__Problem to work on__. Transcribe the listing that follows in full, exactly, and drop its images.

__Stored data__.

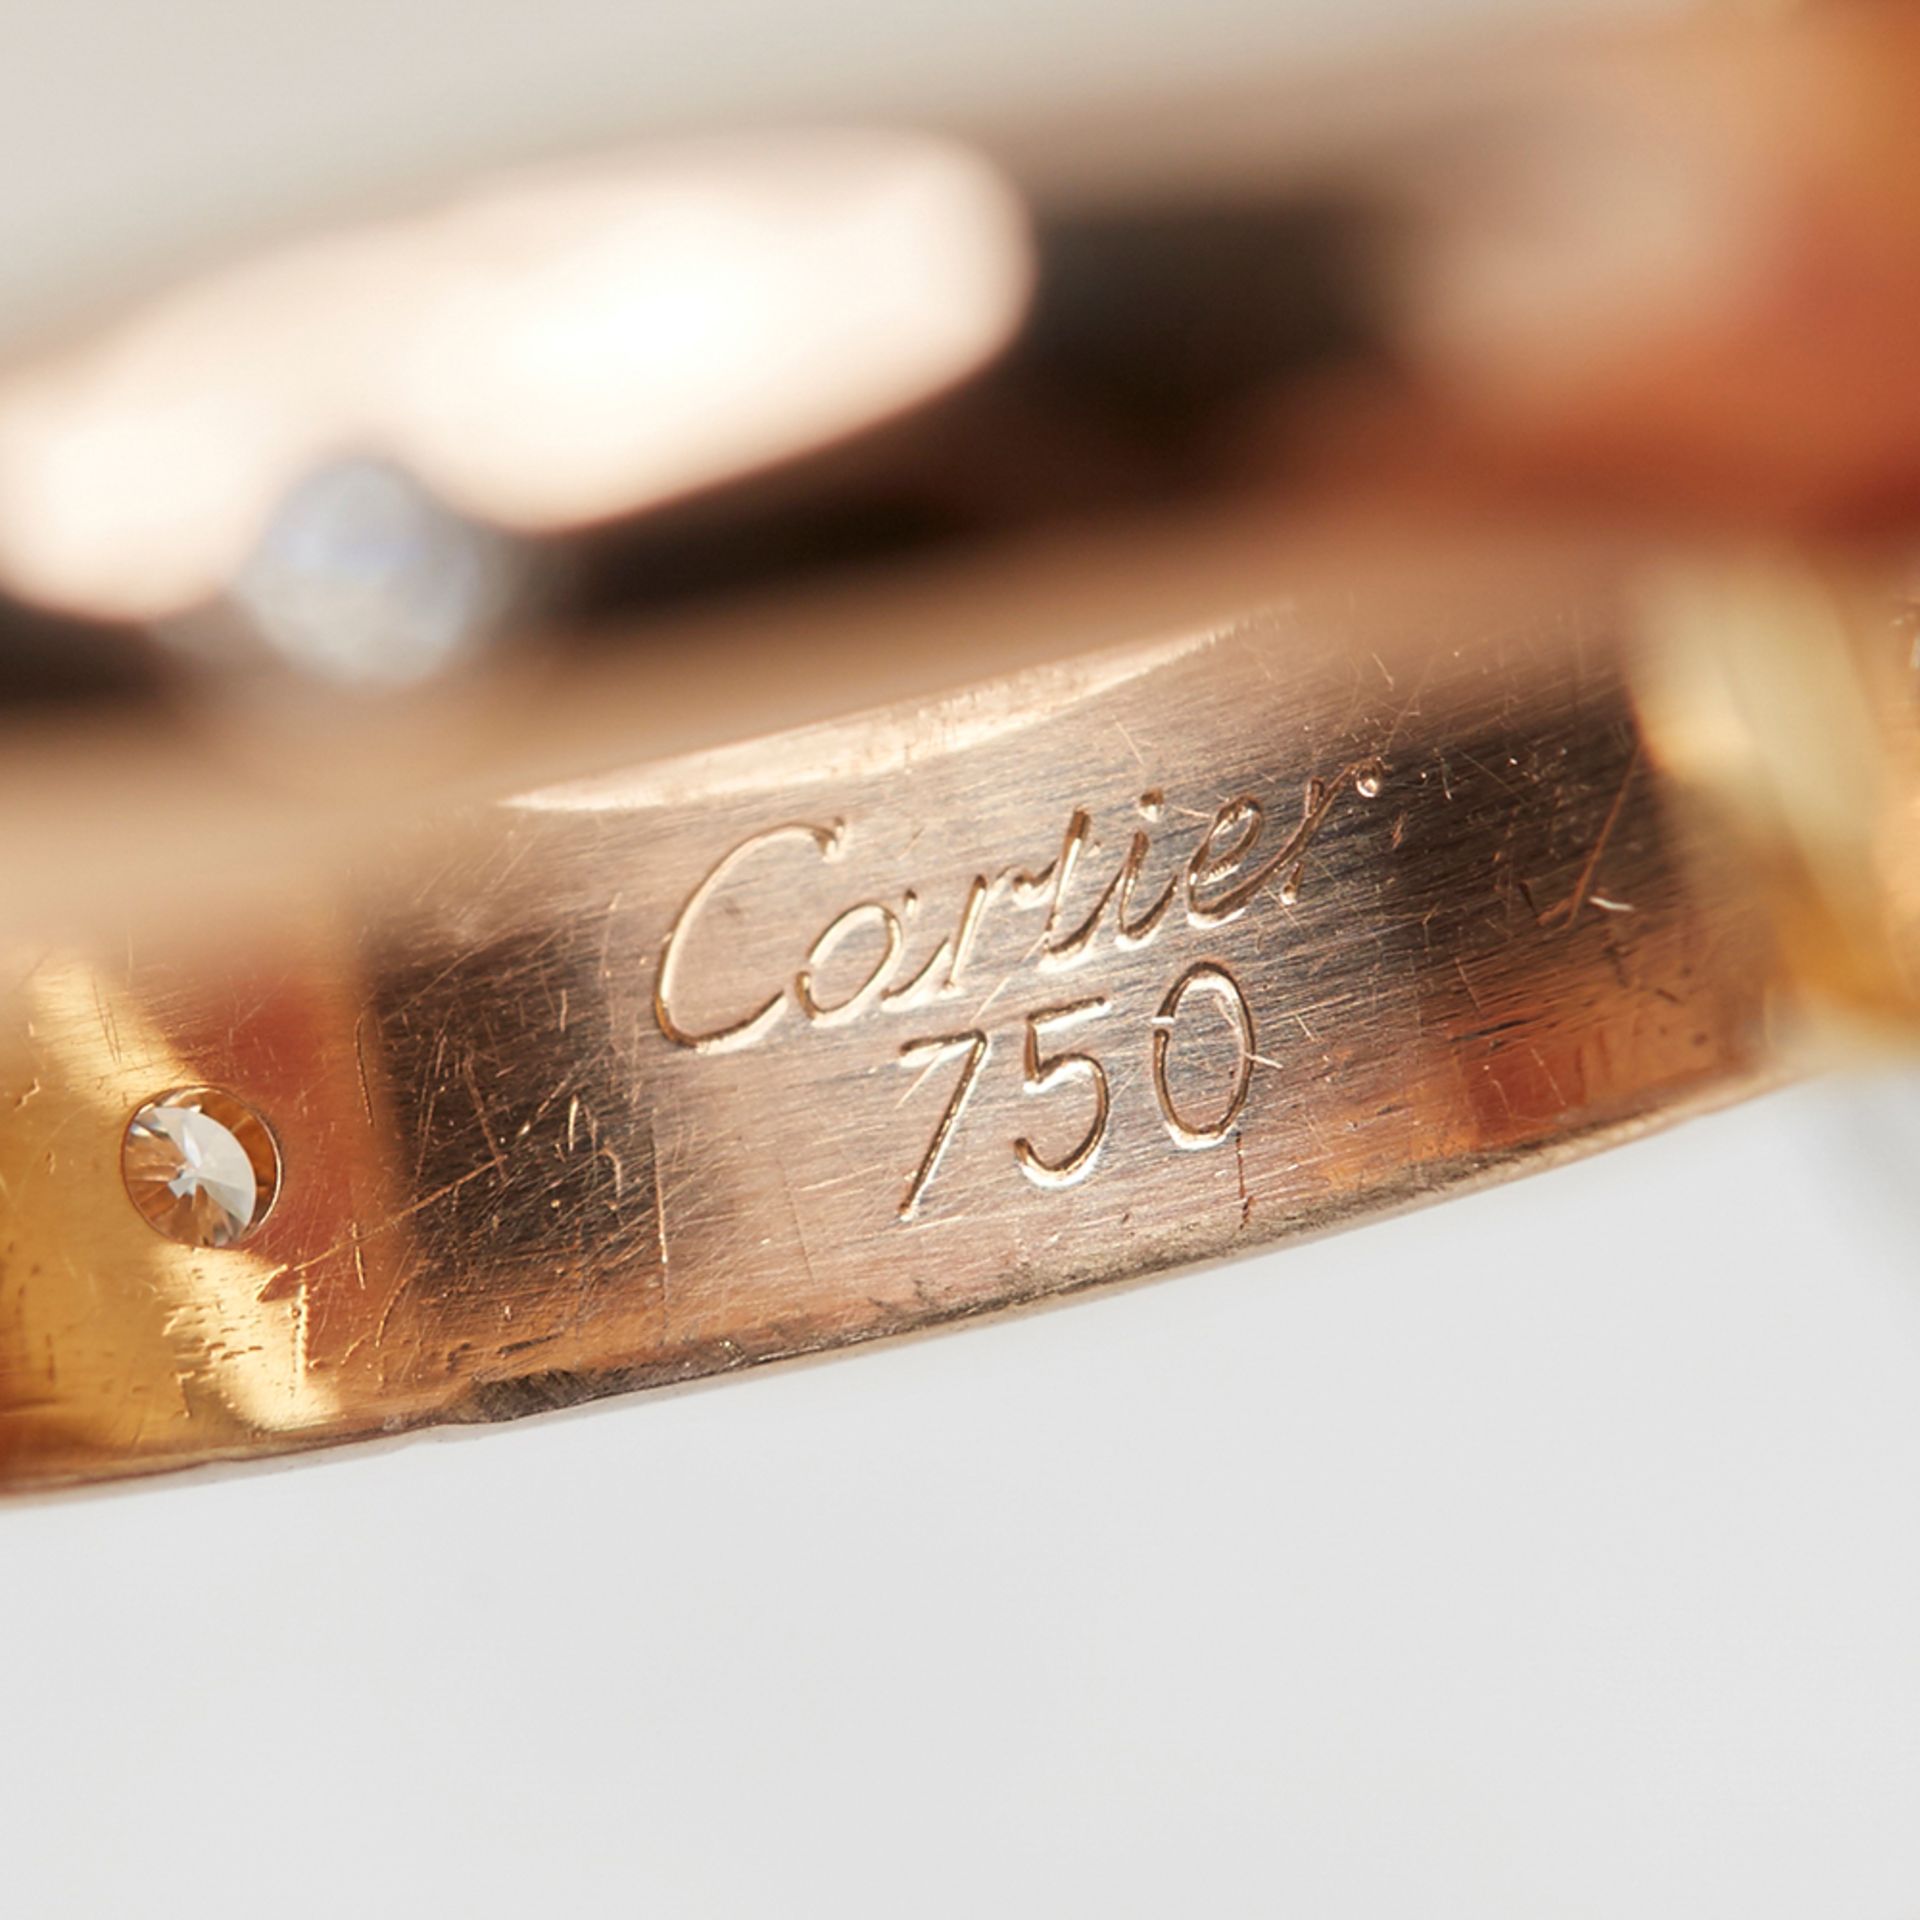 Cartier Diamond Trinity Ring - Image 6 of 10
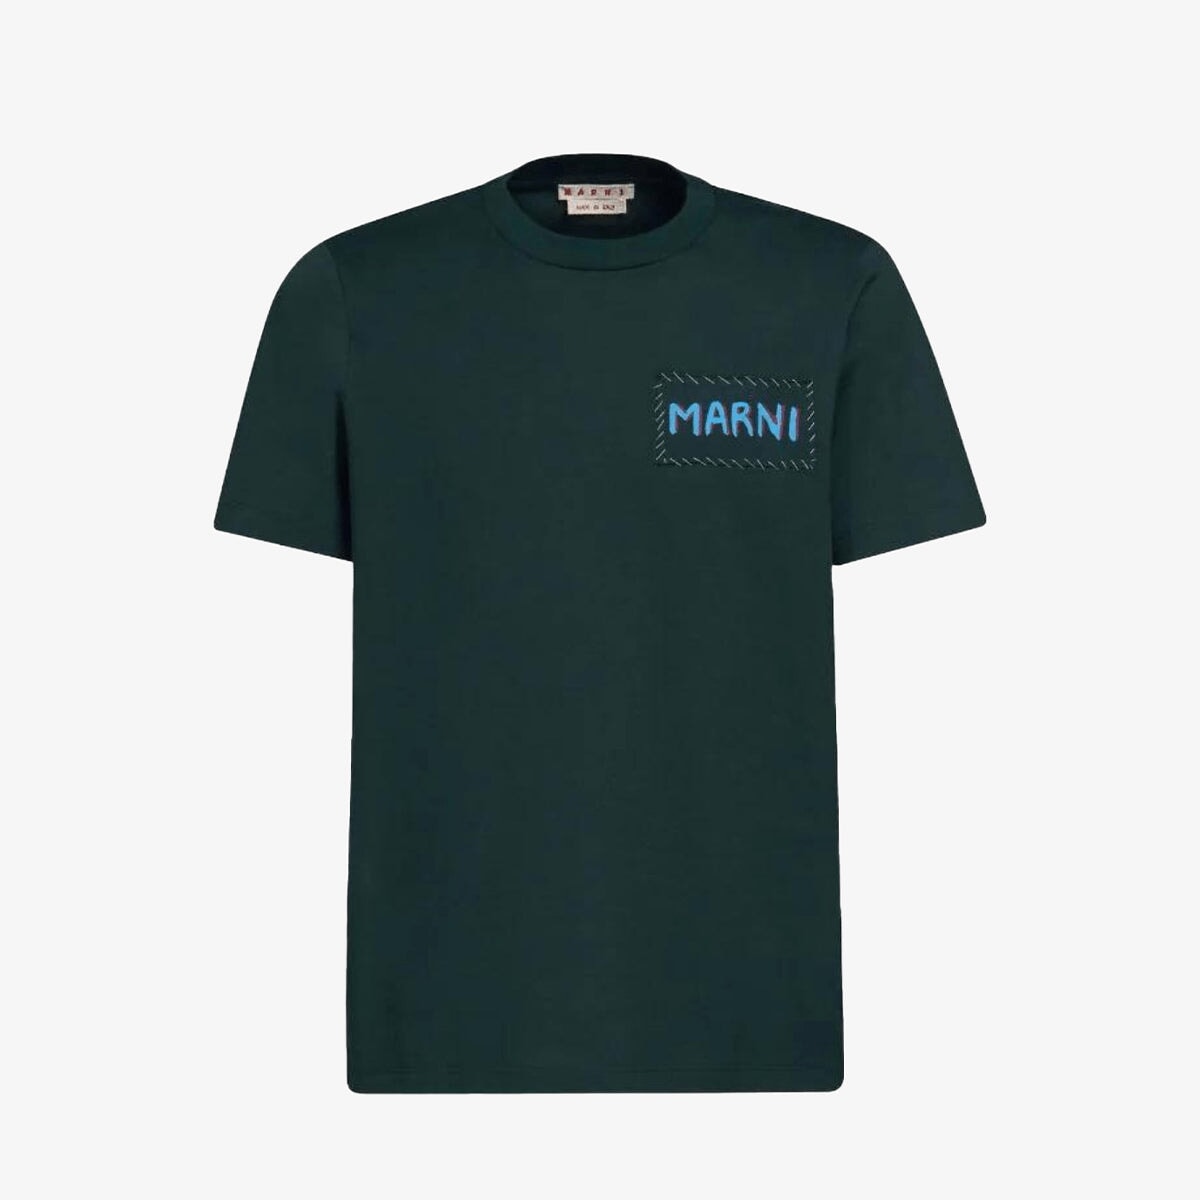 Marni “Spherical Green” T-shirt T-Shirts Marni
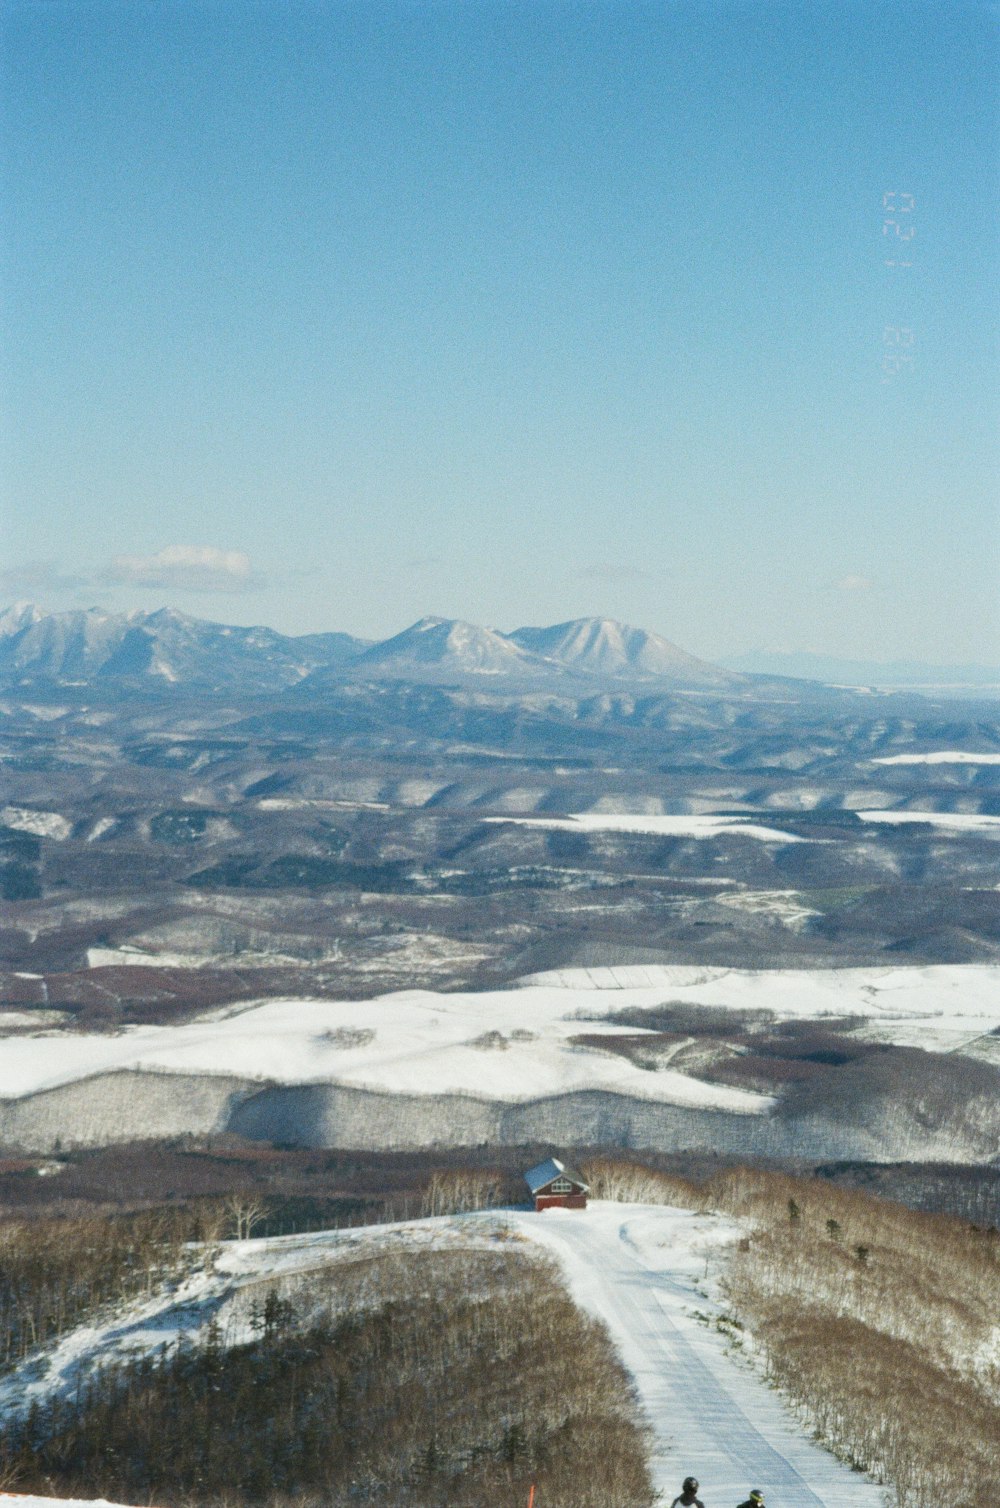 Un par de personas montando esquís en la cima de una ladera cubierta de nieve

__Output for this exercise__.
 Cartier Diamond Trinity Ring - Image 6 of 10
 Marni “Spherical Green” T-shirt T-Shirts Marni
 Un par de personas montando esquís en la cima de una ladera cubierta de nieve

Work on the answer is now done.